I don’t often pay attention to the stats on this blog. Quite frankly, I write because I want to. I have no illusions that I’ll ever be able to monetize this, and I have never sought to. If this blog ever gains enough popularity that I can try other projects I’ve been meaning to, perhaps then I can at least recoup the cost of hosting it, but as for right now, I’m not concerned with it. But that said, tonight I looked at the stats, and this month has been the best month in view and visits in its history. A fact that, frankly, surprises me, because this month I did not hold back. I spoke about things I like about Japan and Japanese culture, and I also spoke about things that greatly disturb me about Japanese culture, both past and present. Is this the reason for the good numbers this month? I don’t know. I could probably dig in and find out, but I honestly fear the results. So I’m going to leave it for now.
In the United States, tomorrow is Thanksgiving holiday. Traditionally it is a time for people to get together with family and friends, eat lots of very good food (turkey is a traditional food, as well as cranberry sauce and pumpkin pie), and maybe watch football (American football, not that other kind. We like physical contact. A lot.) It is also a time to stop and think about what we are thankful for, both in life and in the last year. I have many things to not be thankful for, but many things to be thankful for as well.
I am thankful, for instance, that as of today (literally, today) I have finally learned possibly the root cause of many medical issues I’ve had over the past few months. I am also thankful that I have the opportunity to spend the time and money to actually learn Japanese, instead of having to spend all my time trying to keep a roof over my head. I am thankful for the people whom I have met while learning Japanese – perhaps we are not the best of friends, but a shared goal is often helpful, and I would not be as far as I am in Japanese without the help of sensei and my fellow nihongo no gakusei.
Is life difficult for the short term? Yes. I’m still trying to figure out why I’m even bothering – the best answer I can come up with is “because I can”. But perhaps that’s a good enough answer. Perhaps I do have much to be thankful for this year.

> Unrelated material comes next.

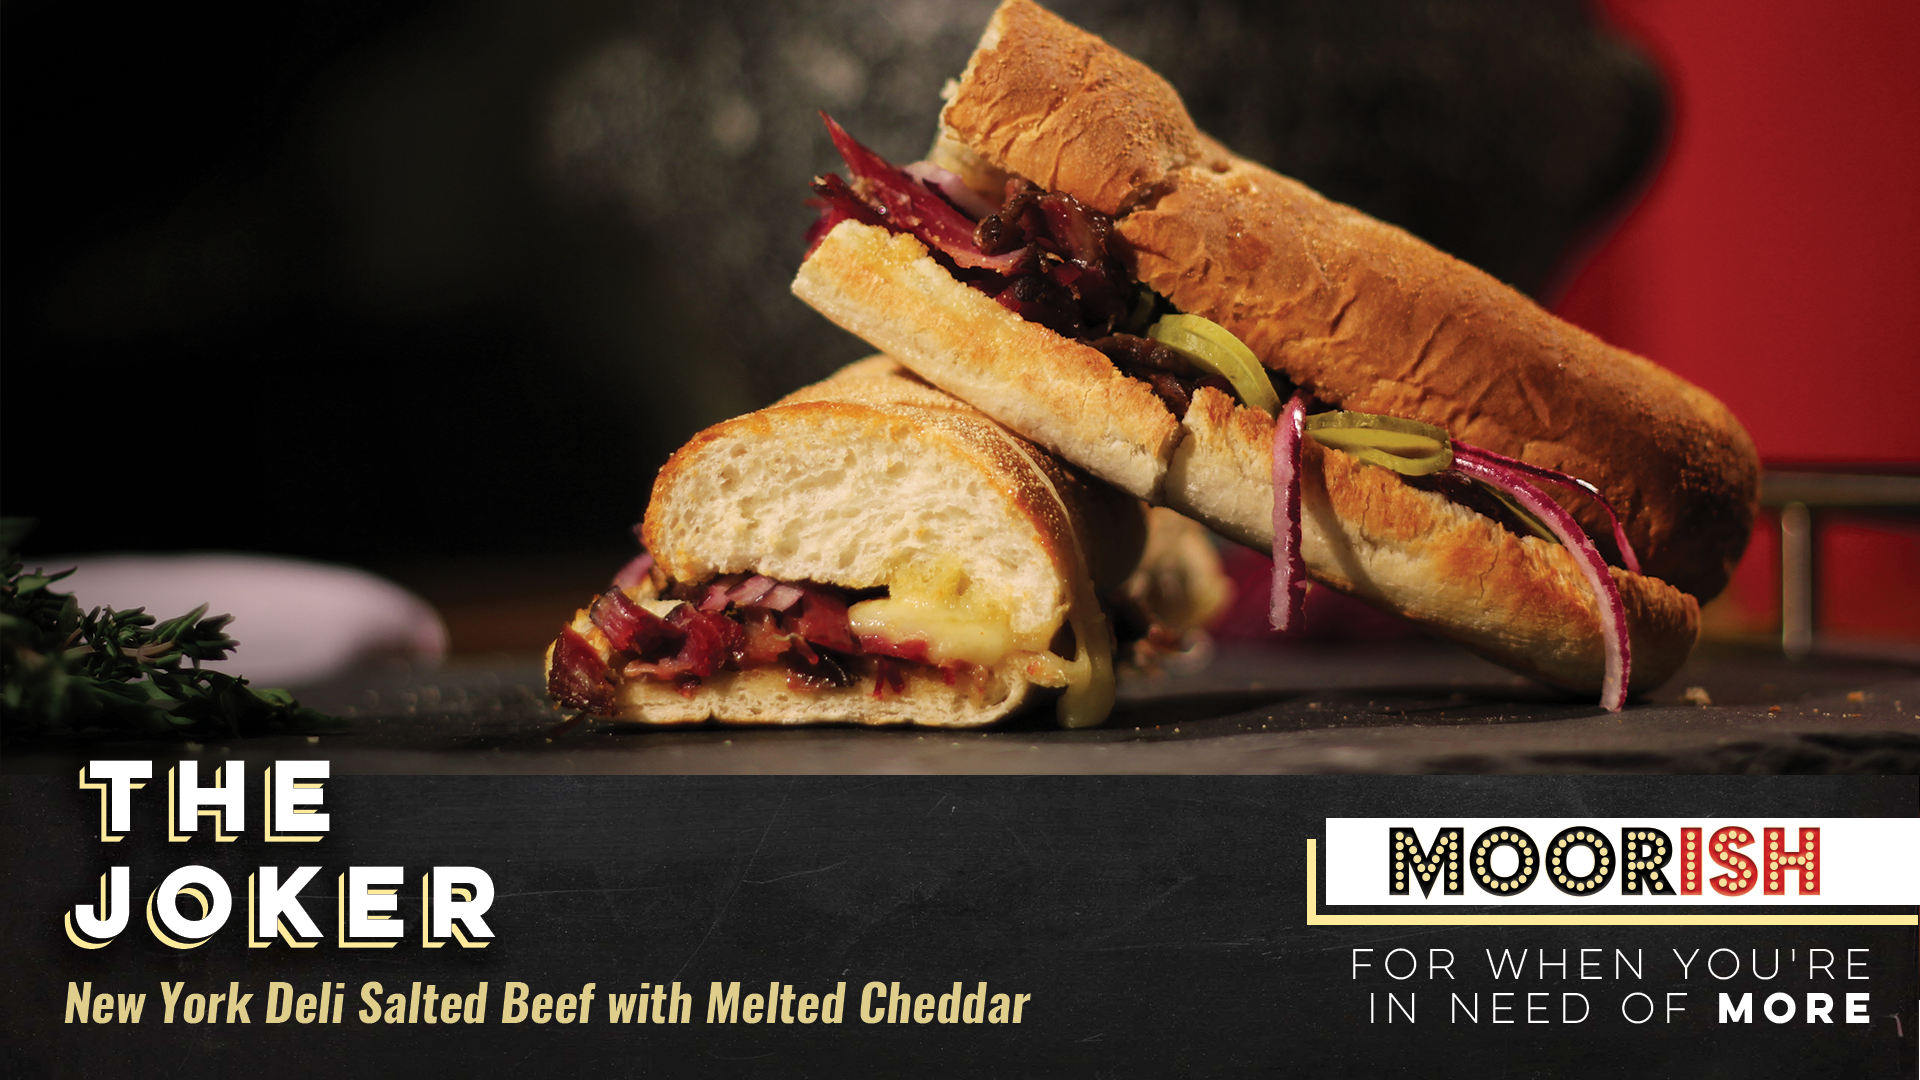 Moorish Sandwich Menu Ad 2.png

Tomorrow, which is Thanksgiving, I will not be spending time with family or friends. There is a good reason for that, which I won’t share here for the moment, but it is both necessary and not a source of sadness for me, so I am fine. But it is still a time of reflection, much as the blooming of the cherry trees and the falling of the petals (hanabiritachi) is for the Japanese people. I have much to reflect on, much to think about, much to do, and much to be thankful for. This year could have very easily turned out much worse, but so far, I’m threading the needle. I couldn’t ask for much more.
And for those who have stuck with me on this journey by reading my posts, and occasionally commenting, I am thankful for you as well. Would my life be any different without you? Honestly, probably not. I’d still post, just without the small dopamine hit that someone liking or replying to these posts gives me. But I appreciate you all the same. In a sense, you’re on this journey with me, and we’ll see where it turns out.